Address
- 316 East Dallas Street Cleveland, Texas, 77327 United States

District information
- Type: Public
- Grades: PK–12
- Schools: 11
- NCES District ID: 4814370

Students and staff
- Students: 11,970 (2023–2024)
- Teachers: 806.89 (on an FTE basis) (2023–2024)
- Staff: 1,093.88 (on an FTE basis) (2023–2024)
- Student–teacher ratio: 14.83 (2023–2024)

Other information
- Website: www.clevelandisd.org

= Cleveland Independent School District =

School district in Texas, United States

Cleveland Independent School District is a public school district based in Cleveland, Texas (USA).

Within Liberty County, in addition to the majority of Cleveland in that county, the district serves the cities of North Cleveland and Plum Grove, as well as the Colony Ridge development.
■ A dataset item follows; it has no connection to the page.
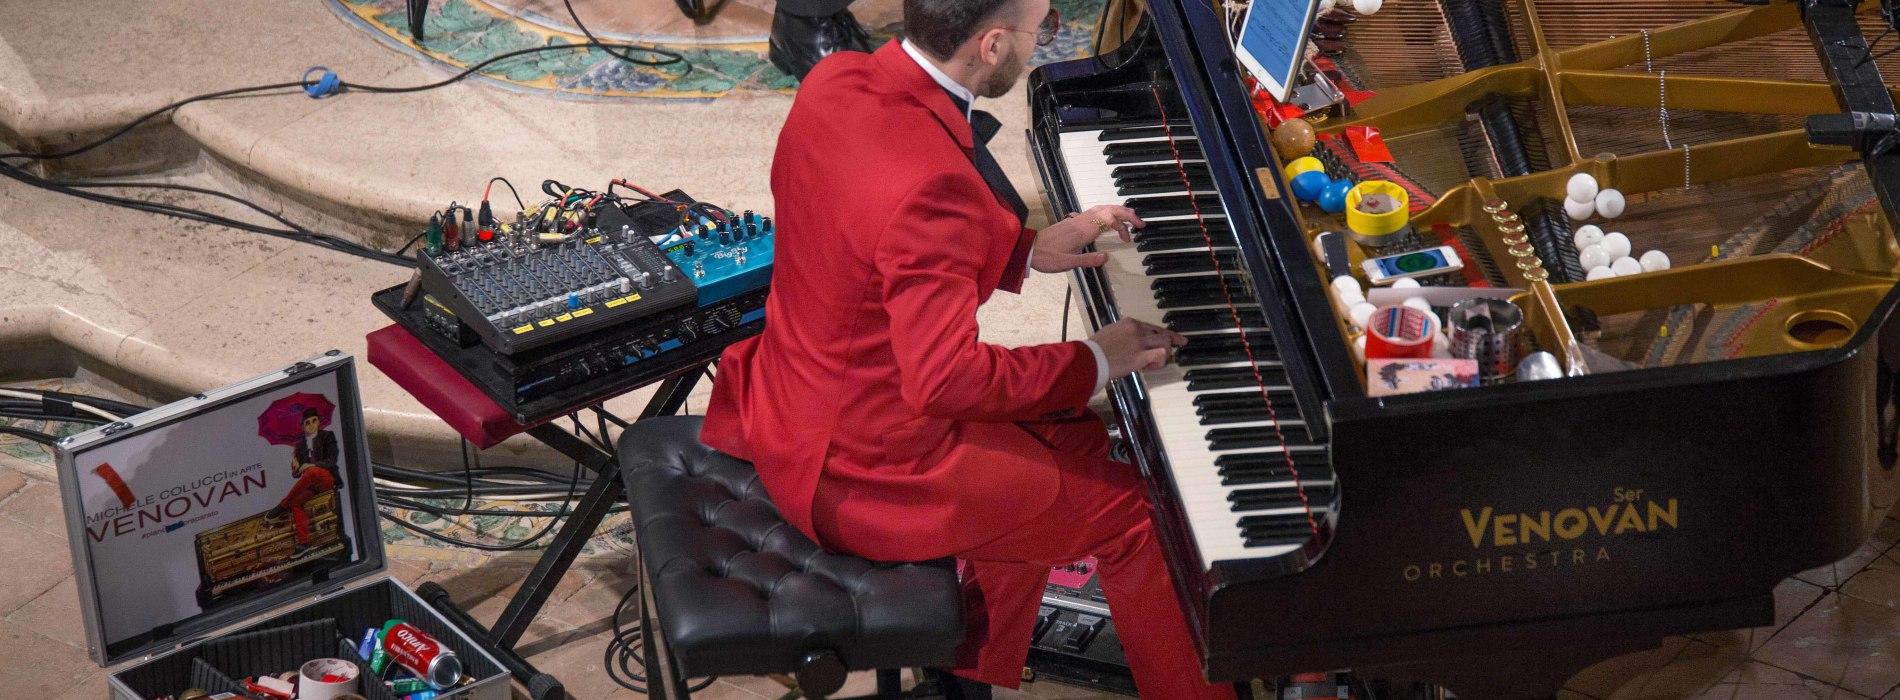 Ser Venovan in concerto per Formicola Borgo DiVino

It also includes portions of Montgomery County, including some sections of Cleveland in that county, and San Jacinto County.
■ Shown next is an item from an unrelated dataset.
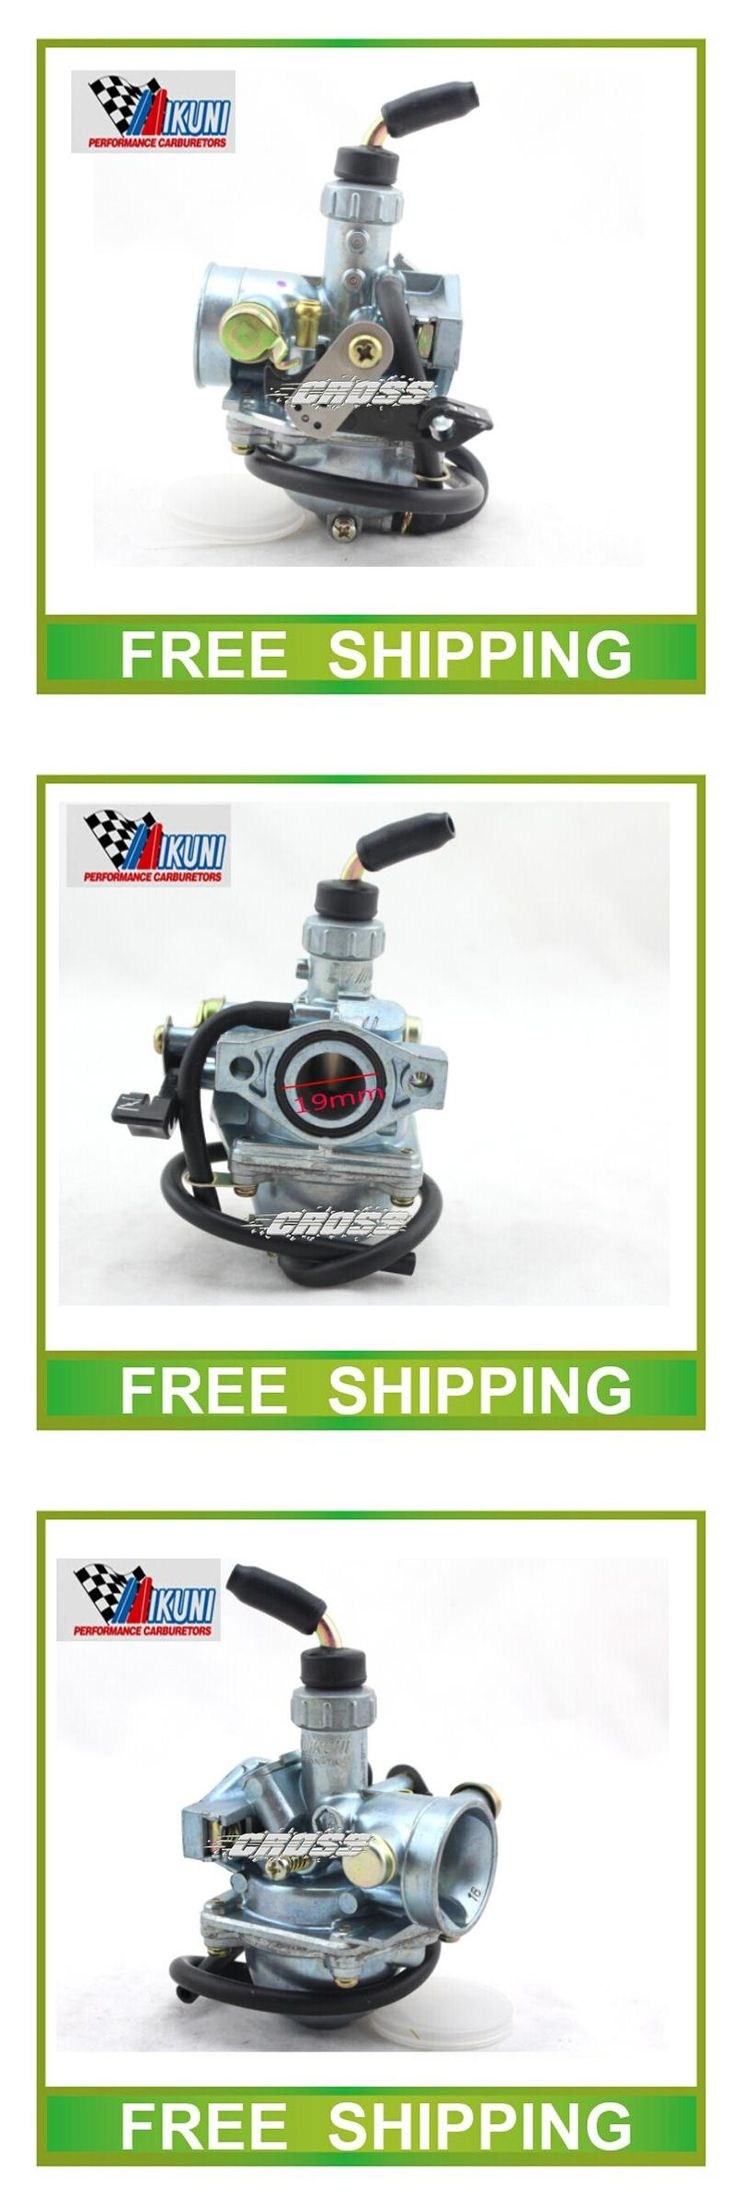 [Visit to Buy] 19mm carburetor mikuni vm16 50cc dirt bike atv pz19 performance BAJA50 XR50 CRF50 CRF70 Bike ATV free shipping #Advertisement

In 2009, the school district was rated "academically acceptable" by the Texas Education Agency.

==History==

From circa 2020 to 2023, the size of the student body increased by around 200%.
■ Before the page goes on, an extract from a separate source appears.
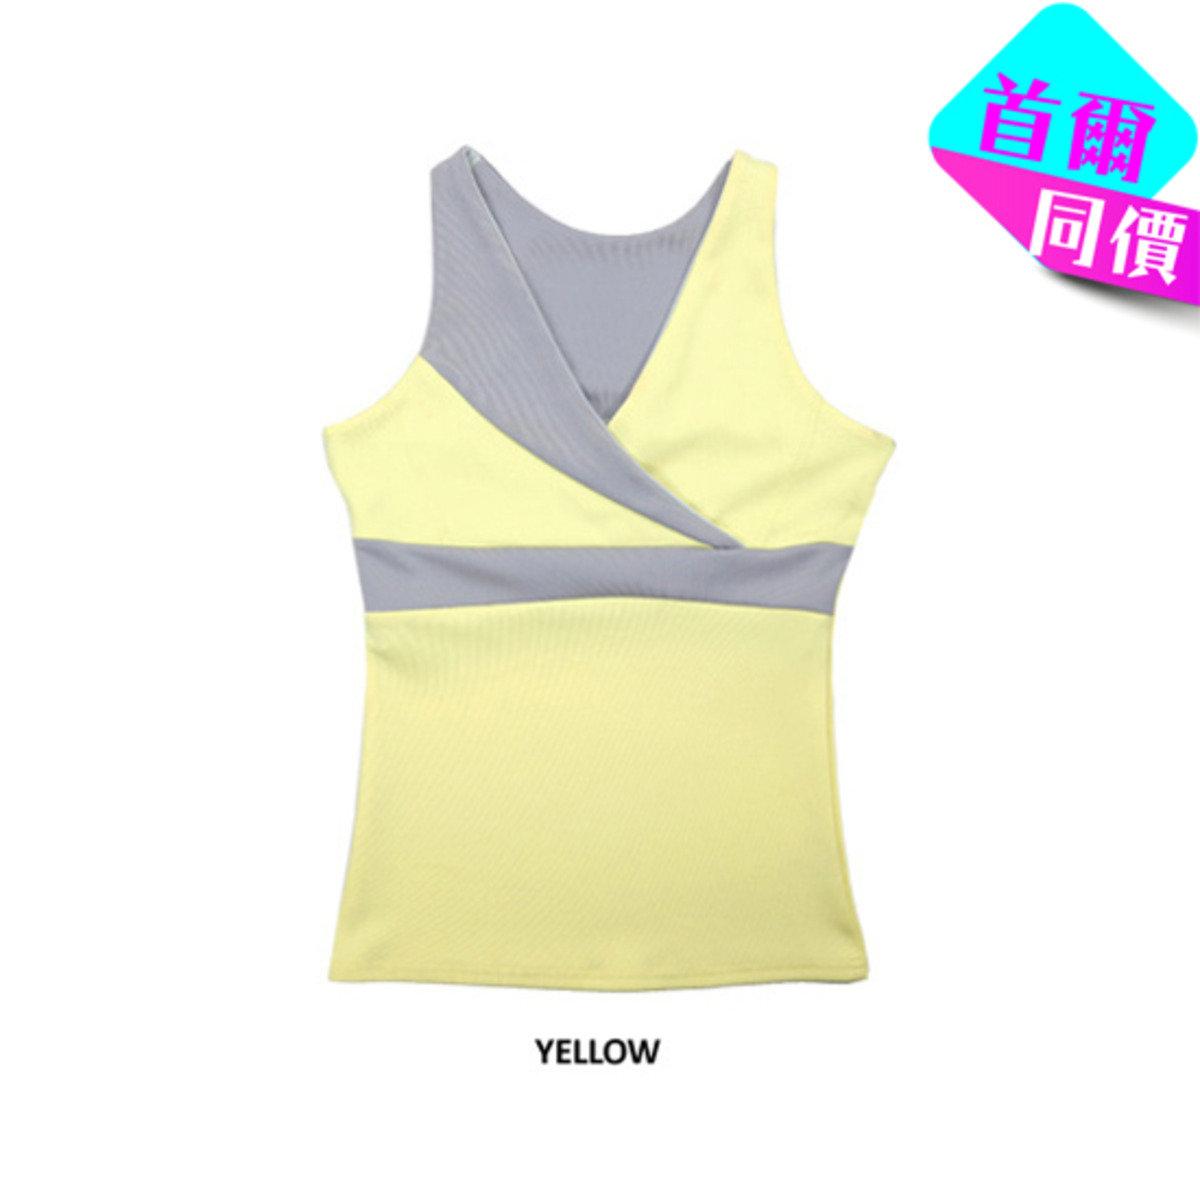 Sculling 拼色工字背心_RA20150909-420

In 2023 the Associated Press reported that as Colony Ridge expanded, the district faced capacity issues and that it "has struggled to create enough space." The district, by then, purchased multiple temporary educational buildings totaling $12,000,000. Superintendent Stephen McCanless stated that the development company behind Colony Ridge stated that the student body would increase on a monthly basis by 150.

==Demographics==
In 2023 85% of the students were Hispanic or Latino Americans. As of that year, about 1,400 of the 11,800 students were born in El Salvador, Honduras, Mexico, and other countries, while the remainder were born in the United States.

==Schools==
===High schools===
6A Classification
- Cleveland High School (Grades 10–12)
- Cleveland 9th Grade Center (Grade 9)

===Middle schools===
- Cleveland Middle School (Grades 6–8)
- Santa Fe Middle School (Grades 6–8)

===Elementary schools===
- Cottonwood Elementary (Grades Pre-K -5)
- Eastside Elementary (Grades Pre-K -5)
- Northside Elementary (Grades Pre-K -5)
- Southside Elementary (Grades Pre-K -5)
- Pine Burr Elementary (Grades Pre-K -5)
  - It began operations in August 2021. Its original capacity was 1,050. It was overcapacity after opening.